I have a table with 10 million records in it. Is that considered a lot of records? Should I be worried about search times? If not, it will keep growing, so what is cons
Ditto other posters on how "large" depends what your data is, what kind of query you want to do, what your hardware is, and what your definition of a reason search time is.
But here's one way to define "large": a "large" table is one that exceeds the amount of real memory the host can allocate to SQL Server. SQL Server is perfectly capable of working with tables that greatly exceed physical memory in size, but any time a query requires a table scan (i.e., reading every record) of such a table, you will get clobbered. Ideally you want to keep the entire table in memory; if that is not possible, you at least want to keep the necessary indexes in memory. If you have an index that supports your query and you can keep that index in RAM, performance will still scale pretty well.

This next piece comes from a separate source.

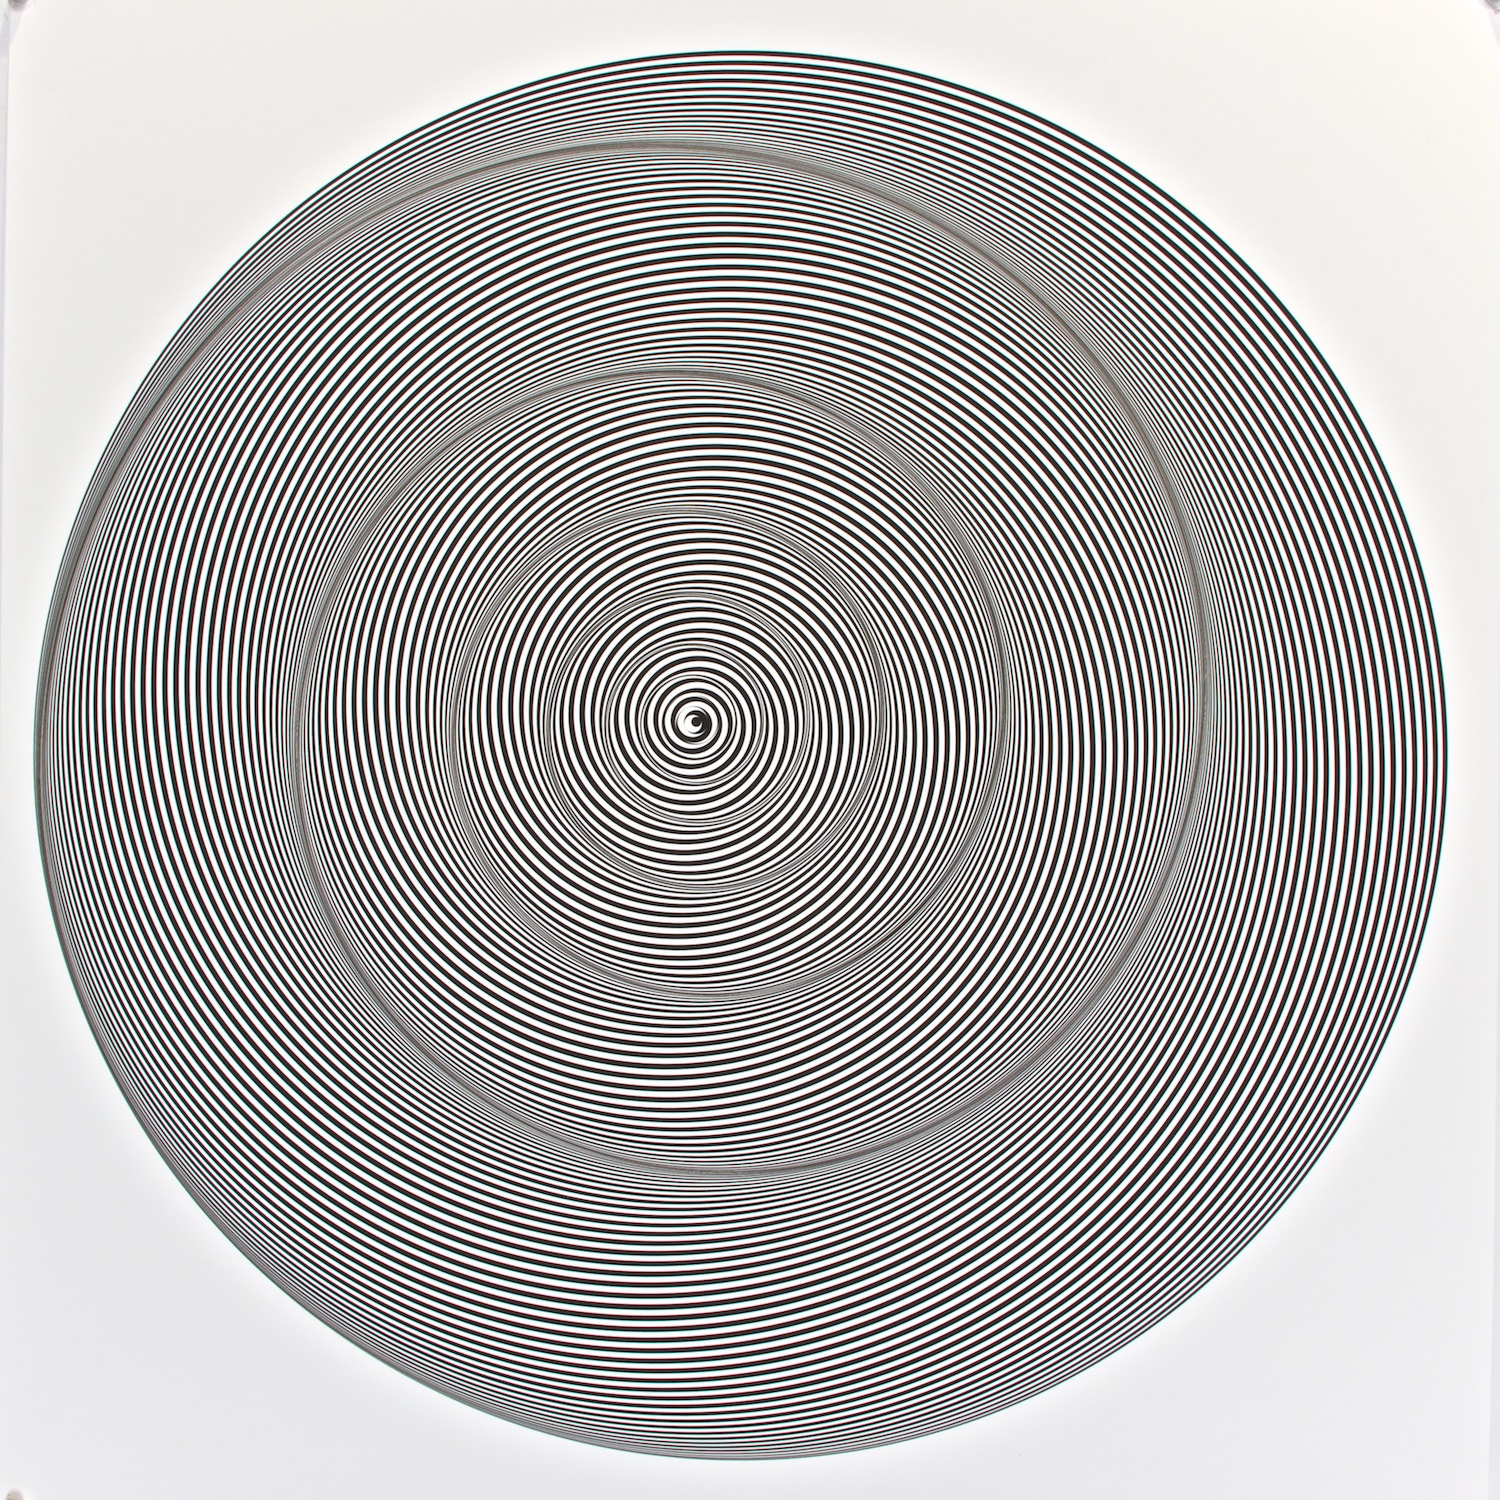   &nbsp;  Metagonal Crescents ~255~ Simple Black  , 2014    Digital drawing, inkjet pigments    Art: 22.75” x 22.75” (58x58 cm)    Paper: 25.25” x 24” Epson UltraSmooth Fine Art Paper

If it is not obvious to you as a designer what your clustered index (physical arrangement of data) and non-clustered indexes (pointers to the clustered index, essentially) should be, SQL Server comes with very good profiling tools that will help you define indexes in appropriate ways for your workload.
Finally, consider throwing hardware at the problem. SQL Server performance is nearly always memory-bound rather than cpu-bound, so don't buy a fast 8-core machine and cripple it with 4 GB of physical memory. If you need reliably low latency from a 100 GB database, consider hosting it on a machine with 64 GB---or even 128 GB---of ram.